FORM 8-K/A FILED MAY 23, 2005

         5.       We note that the Company filed an amended Form 8-K to include
                  the signed audit opinion for AOS-Hagenuk B.V. We further note
                  that such audit was performed in accordance with auditing
                  standards generally accepted in the Netherlands. Tell us how
                  you considered the requirements of Instruction 8.A.2 to Item 8
                  of Form 20-F to included audited financial statements as
                  required by Article 3-05 of Regulation S-X that were audited
                  in accordance with US generally accepted accounting standards.
                  Also, tell us how the auditor complied with the U.S.
                  independence standards.

         RESPONSE:

                  The primary purpose of the acquisition was to expand the
                  Company's development capability with the secondary purpose to
                  expand the Company's






Mark P. Shuman
September 6, 2005
Page 6

                  product line and potential future revenue. As noted in the
                  proforma financial statements filed with the SEC, net revenues
                  from AOS for full-year 2004 were relatively small,
                  representing approximately 15% of combined revenue.

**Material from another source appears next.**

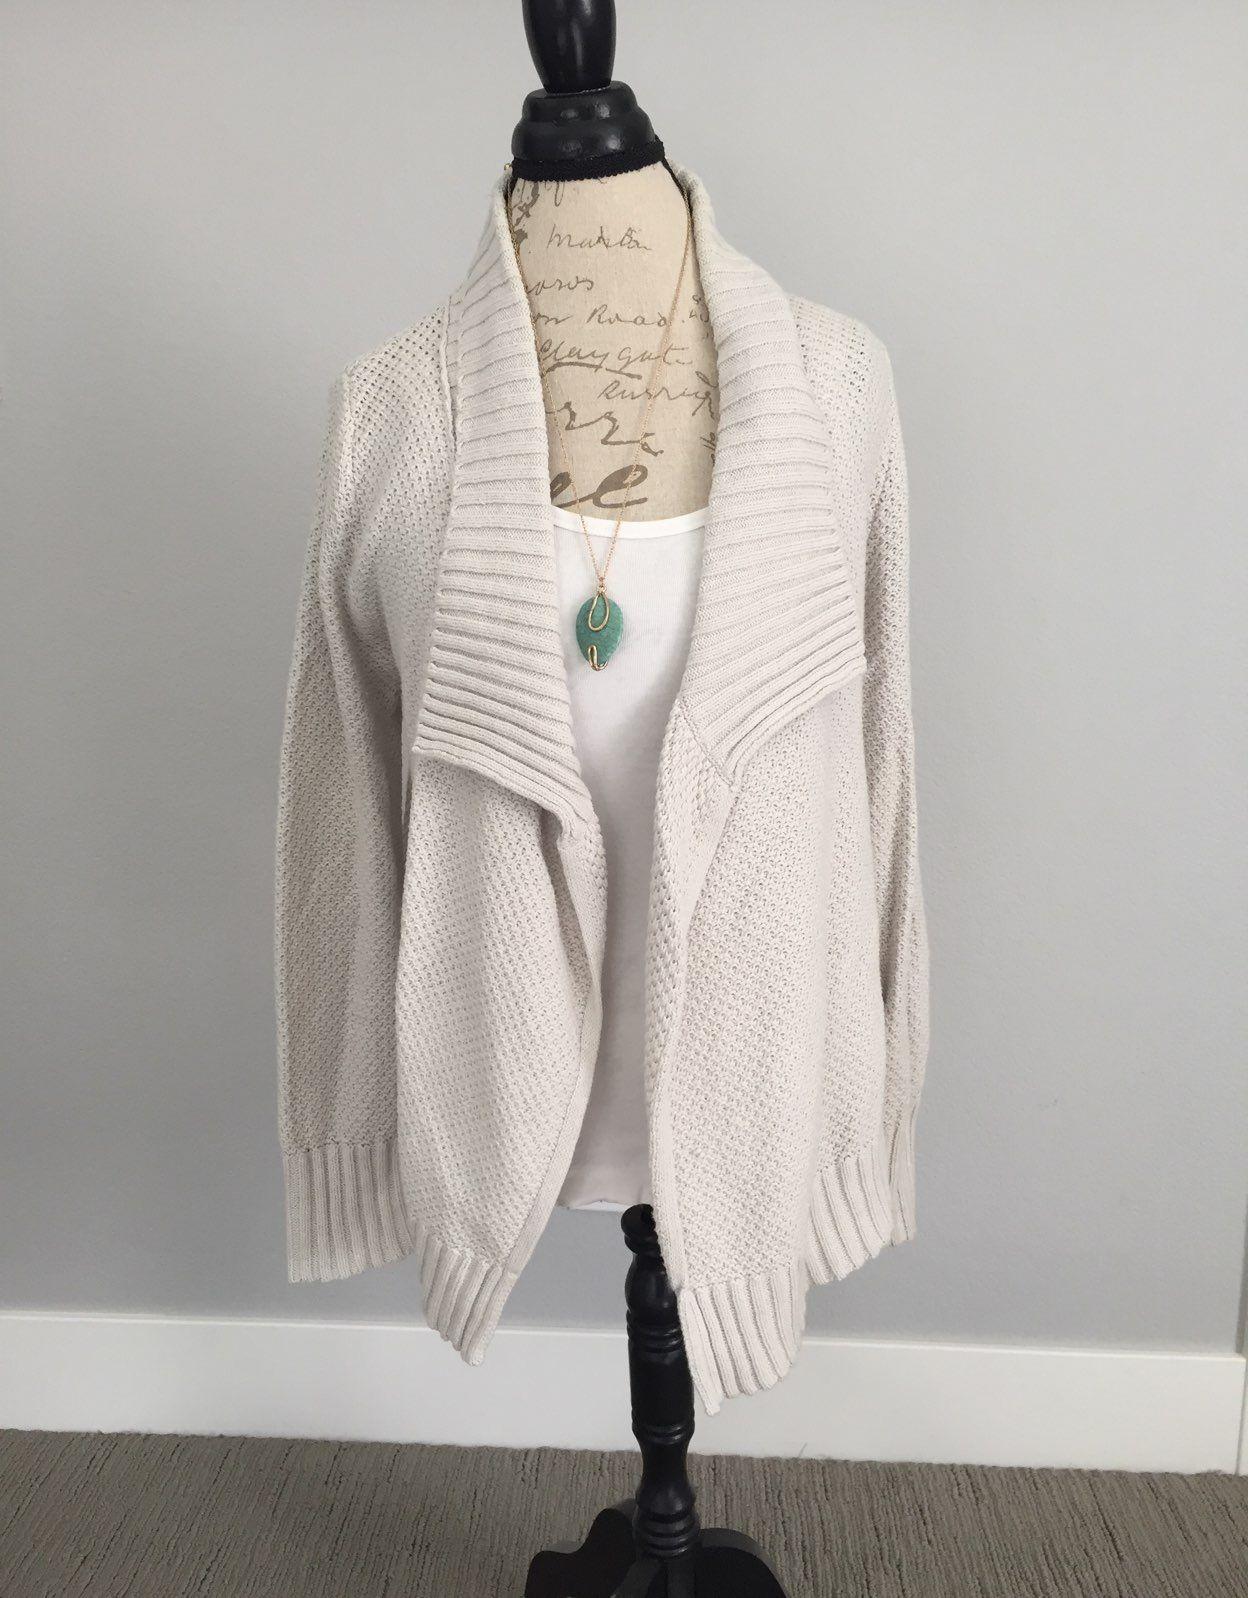 Old Navy Cardigan Sweater, Size Medium - Mercari: BUY & SELL ...

Given the
                  primary purpose of the acquisition, AOS's relatively small
                  contribution to the current combined revenue and that, based
                  on our review of GAAS in the two countries, our belief that
                  the differences between the generally accepted auditing
                  standards used in the Netherlands as compared to the United
                  States would not have a significant impact on the final
                  audited results, we would respectively request that the SEC
                  not require Company to have the audit redone. However, if so
                  required by the SEC, we will work with the independent
                  accounting firms to provide an opinion in accordance with
                  Article 3-05 of Regulation S-X as soon as practicable.

         6.       Also, revise the report of AOS-Hagenuk's independent auditors
                  to include the name of the accounting firm performing the
                  audit pursuant to Article 2-02 of Regulation S-X.

         RESPONSE:

                  We will work with the independent accounting firm to include
                  the name of AOS-Hagenuk's independent auditors as soon as
                  practicable.


                                      * * *

                  We would be pleased to discuss the foregoing responses with
the Staff if that would be helpful in its review. Please feel free to contact
the undersigned at 202-220-1454 in this regard.


                                                    Very truly yours,



                                                    Robert B. Murphy


Cc:      Mr. Clifford Bown
         VASCO Data Security International, Inc.